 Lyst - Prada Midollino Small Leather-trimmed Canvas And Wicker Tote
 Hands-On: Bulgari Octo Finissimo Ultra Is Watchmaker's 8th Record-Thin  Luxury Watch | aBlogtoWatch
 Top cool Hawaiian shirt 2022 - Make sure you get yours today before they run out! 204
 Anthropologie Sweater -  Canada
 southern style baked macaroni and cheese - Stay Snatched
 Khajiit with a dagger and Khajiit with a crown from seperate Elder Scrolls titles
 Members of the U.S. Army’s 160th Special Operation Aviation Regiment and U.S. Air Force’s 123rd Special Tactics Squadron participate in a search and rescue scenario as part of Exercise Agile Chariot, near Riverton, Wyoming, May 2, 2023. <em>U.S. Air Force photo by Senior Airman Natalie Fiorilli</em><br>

──────

• [Assignment]: Everything in the data above should be set down again precisely.

• [Problem solution]:
 Lyst - Prada Midollino Small Leather-trimmed Canvas And Wicker Tote
 Hands-On: Bulgari Octo Finissimo Ultra Is Watchmaker's 8th Record-Thin  Luxury Watch | aBlogtoWatch
 Top cool Hawaiian shirt 2022 - Make sure you get yours today before they run out! 204
 Anthropologie Sweater -  Canada
 southern style baked macaroni and cheese - Stay Snatched
 Khajiit with a dagger and Khajiit with a crown from seperate Elder Scrolls titles
 Members of the U.S. Army’s 160th Special Operation Aviation Regiment and U.S. Air Force’s 123rd Special Tactics Squadron participate in a search and rescue scenario as part of Exercise Agile Chariot, near Riverton, Wyoming, May 2, 2023. <em>U.S. Air Force photo by Senior Airman Natalie Fiorilli</em><br>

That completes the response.